TOP kembali datang -LAM
(Yoshimoto, 1988:21)
‘Yūichi kembali, dia memainkan kunci mobil hingga bergerincing.’
(Anggraeni, 2009:16)
Dari contoh 7 dapat dilihat makna gachagacha tidak hanya berarti benturan
benda keras seperti menerobos masuk, tetapi untuk kunci berarti saling
berbenturan ketika sedang dipegang. Bunyi bergerincing pada kunci tidak bisa
saling digantikan dengan contoh 6. Pada contoh 6 makna gachagacha menjadi
benturan keras antara pintu dengan orang yang terburu-buru ketika berlari,
sedangkan pada contoh 7 makna gachagacha menjadi lebih halus yaitu bunyi
krincing yang dihasilkan oleh benturan antar kunci ketika dipegang oleh orang
yang sedang berjalan.
8. 財布 を 落として お金 が ばらばら です。
saifu wo otoshite okane ga barabara desu.
dompet Ak jatuh uang NOM berhamburan KOP.
‘Saya menjatuhkan dompet dan uangnya pun berhamburan.’
(Shiang, 2009:48)
9. 卒業 の 後、 クラスメート は ばらばら
Sotsugyô no ato, kurasumeeto wa barabara
Kelulusan GEN setelah teman sekelas NOM tercerai-berai
になった。
ni natta.
Menjadi-LAM.
‘Setelah kelulusan, teman-teman sekelas menjadi tercerai-berai.’
(Satoru, 2009:86)
25
10. ちょっと 見る と 全く バラバラ でも、 妙に品
chotto miru to mattaku barabara demo, myônishina
sedikit melihat P-KOM sungguh tersebar tetapi, barang berkualitas
の ばかり だった。
No bakari datta.
GEN hanya KOP
(Yoshimoto, 1988:16)
‘Meski sekilas tampak berantakan, dapur itu berisi barang-barang
berkualitas.’
(Anggraeni, 2009:12)
Pada contoh 8, 9, dan 10, kata barabara yang digunakan memiliki makna
yang berbeda sesuai konteksnya dalam kalimat.
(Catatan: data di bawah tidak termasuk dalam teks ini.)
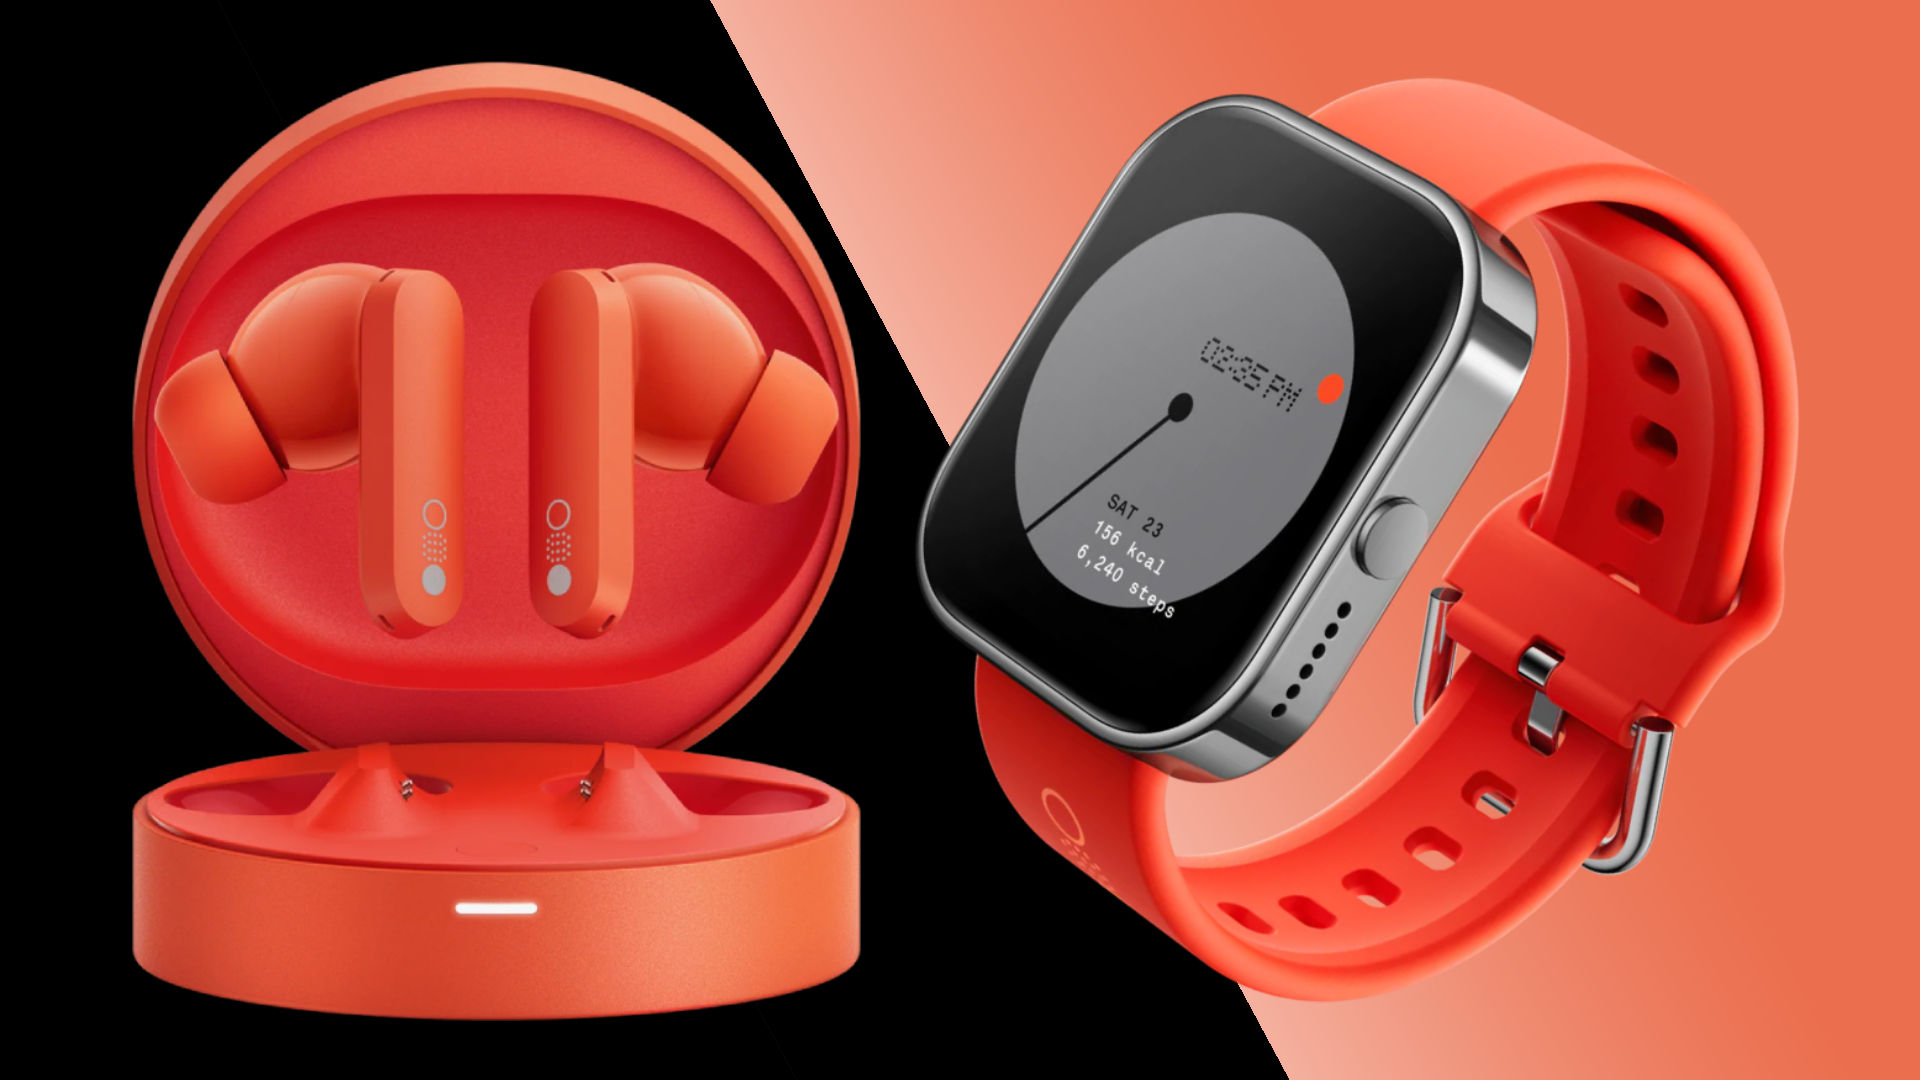 Images of New CMF by Nothing Smartwatch and Earbuds Leak

Makna barabara pada contoh 8,
melukiskan keadaan uang yang berhamburan ke mana-mana. Kemudian pada
contoh 9, makna barabara melukiskan orang-orang yang sudah tinggal di tempat
yang berbeda-beda dan telah tercerai-berai. Sedangkan pada contoh 10,
melukiskan keadaan barang-barang di dapur yang berantakan. Apabila ketiga
makna tersebut dipertukargantikan akan menimbulkan distorsi makna.
Dari kelima contoh tersebut sudah jelas bahwa onomatope dalam novel yang
berada dalam sebuah kalimat, tidak dapat dilihat hanya dari makna leksikalnya
saja, tetapi juga harus diperhatikan makna kontekstualnya juga.